Riding mountain bike trails with 35 millimeter tires, a rigid road frame, and traditional touring gearing does more than just soak up your power like a loamy sponge; it demands a lot of desperate maneuvering and bucking-bronco-style handling skills. The first time I rode real single-track (a test ride of the Vaya this spring) I had the simultaneous experience of being a rank beginner, and yet falling in love and picking up skills surprisingly smoothly. I still feel that way. Half the tricky sections I clear are due to pure luck or sheer momentum. I have more narrow misses than I care to think about. But when they come, I often stop, turn around, and study the root or rock that nearly threw me, and get clear on what happened. Frequently, I’ll ride that section again, and even again, until I have a better feel for the dynamic. That part reminds me of my days as a guitarist, going over and over a lick on a recording by some hotshot gunslinger. That moment when I got it cold – when I couldn’t tell the difference between his guitar line and mine – gave up a feeling quite similar to nailing a patch of trail I could only skitter through before. That sensation is quite a useful antidepressant; it’s called agency in the psychotherapy world.
I stopped for a while beside a pond to nibble at a Clif bar and watch puffs of dense mist being blown across the surface of the water.

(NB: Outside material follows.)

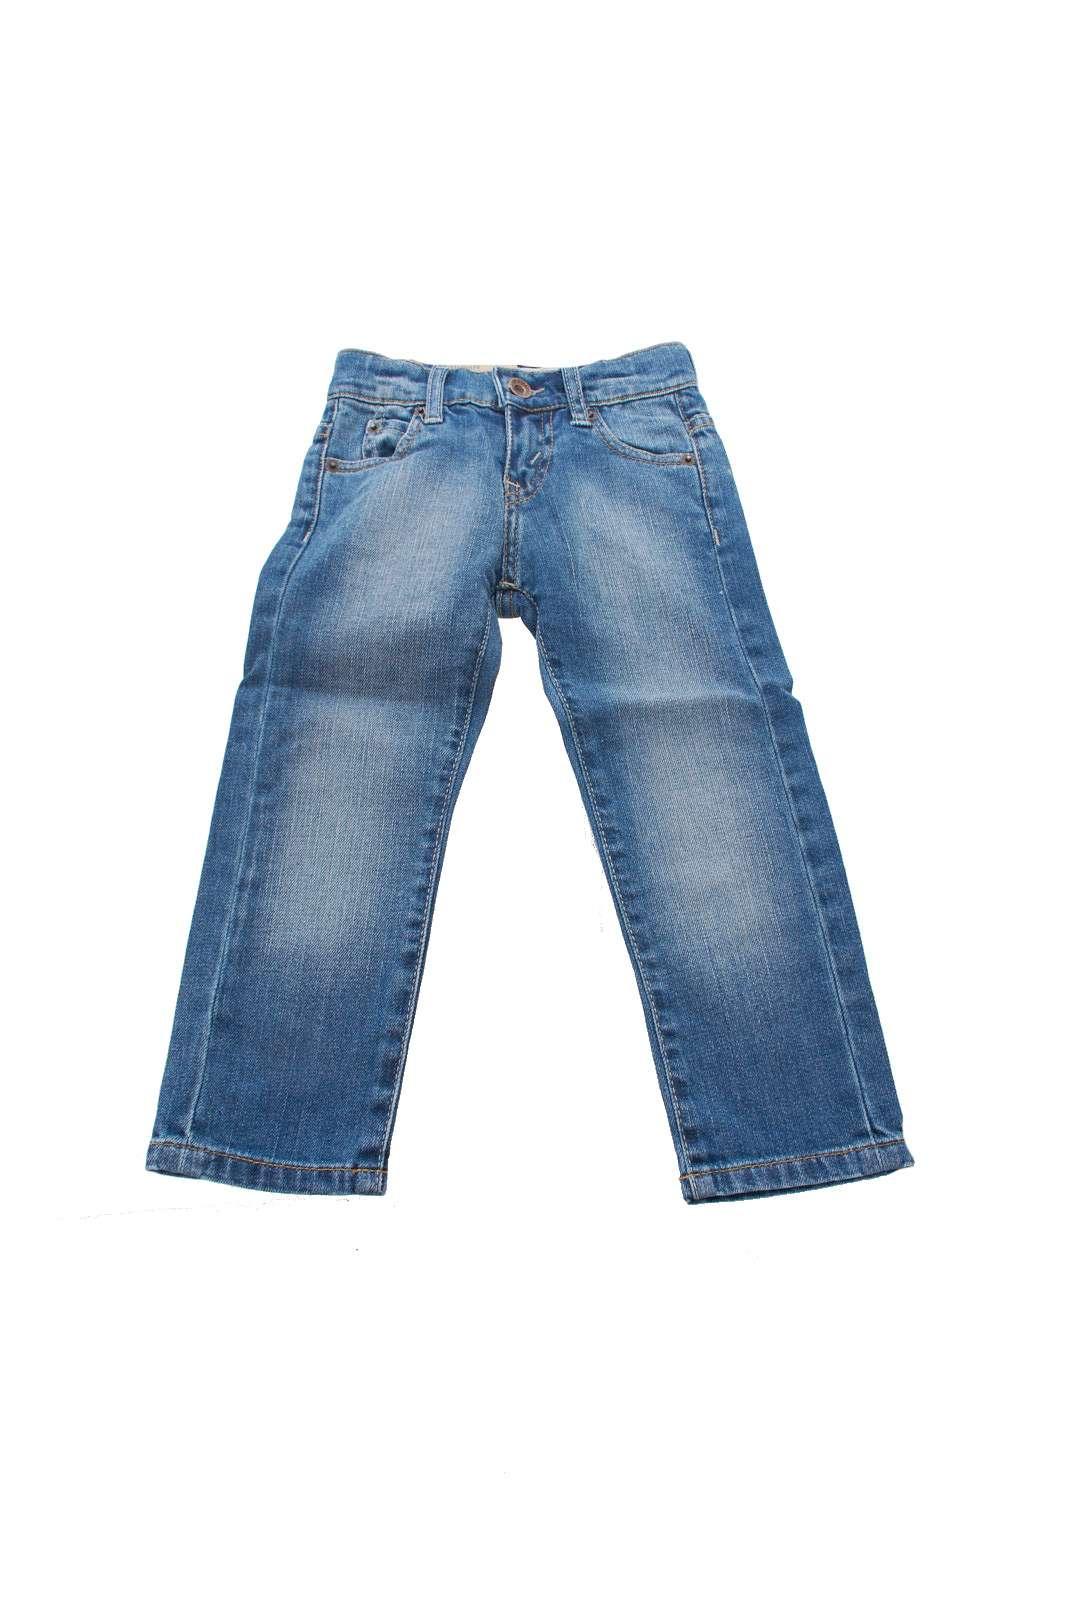 Un must have questo jeans da bambino firmato LEVI'S. Ideale da abbinare a una t-shirt per un look casual o a una camicia per un look più elegante si presta ad ogni outfit e a ogni occasione.

It wasn’t a Zen moment. The rain didn’t come down like a blessing, didn't wash away my cares and leave me reborn. My father was still deadly ill, I still needed a better job, on and on; all the stressors were still stubbornly tangible. But for the moment, they were surrounded by damp forest smells and total isolation and flowy, earthy trails, and new-found agency pulsing through me with each heartbeat. The mean and the grand, the fun and the dreadful; in the wet woods, there was room for everything to rest side by side in a grudging truce, which might last only until I pulled, soaking wet, into my garage, but it was enough. There was a balance. My sixes were sevened, and my sevens sixed.
I wiped the rain-sweat from my face and time-trialed home.